There's 1352 guitar pickers in Nashville
And they can pick more notes than ants on a Tennessee
ant hill
And anyone that unpacks his guitar can play twice as better
than I ever will
- Nashville Cats by John Sebastian
We head 300km up Interstate 40 to Nashville. Along its
famous Lower Broadway, we hear the distinctive twang of
Fender Telecaster guitars, the instrument of choice in
this part of the world. It issues from institutions such
as Tootsie's Orchid Lounge where the walls are lined with
photos of every nobody who carried a guitar through its
doors to become somebody over nearly 50 years.
Then there's the Ernest Tubb Record Store where you can
find thousands of CDs by long-dead country heroes, including
Tubb himself, the Texas Troubadour as he was known, who
opened the shop in 1947. But you won't find one by whoever
is this week's rap star on the rise. Tradition reigns;
if it don't twang, it ain't the Ernest Tubb thang.

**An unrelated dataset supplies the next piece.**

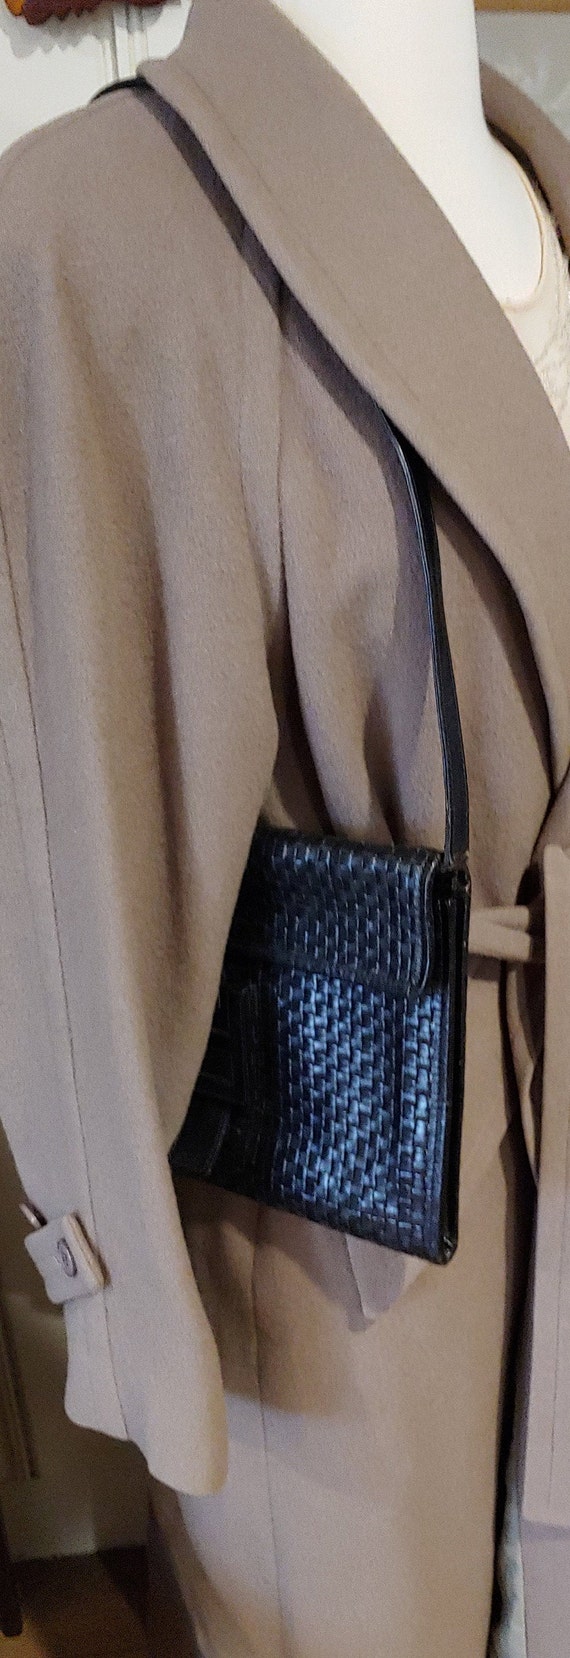 Fendi Clutch Black Woven Leather w Shoulder Strap - image 3

Around the corner is the venerable Ryman Auditorium from
where the Grand Ole Opry, the longest-running radio program
in the US, was broadcast for more than 30 years. These
days, the Opry, which upholds country's traditions and
not the new-fangled crossover country pop favoured by
modern Nashville, has relocated to a purpose-built auditorium
and holiday resort on the nearby Cumberland River.
Later, we visit the Wildhorse Saloon, a three-level mega
venue that represents this new Nashville. There are massive
fried steaks and live music; they'll even teach you dumb
line dancing. Tonight on stage are TelluRide, five young
guys from the faraway Pacific Northwest who have come
here to live the dream in what's probably the most competitive
music scene on the planet. More than a quarter of the
albums on the Billboard Top 100 chart at any time can
come out of this small city, population 600,000.
TelluRide play a tight, concise brand of country pop,
tailor-made for what now constitutes country radio. All
they have to do is claw their way over thousands of other
equally talented hopefuls.
We ease on down to Atlanta, Georgia, from where we catch
a flight to New York and then home. We've driven more
than 2000km, eaten 21 steaks, 37 hamburgers, 23kg of potato
(fried, mashed and boiled) and no fruit or greens while
guzzling 63 litres of beer, never while driving, of course.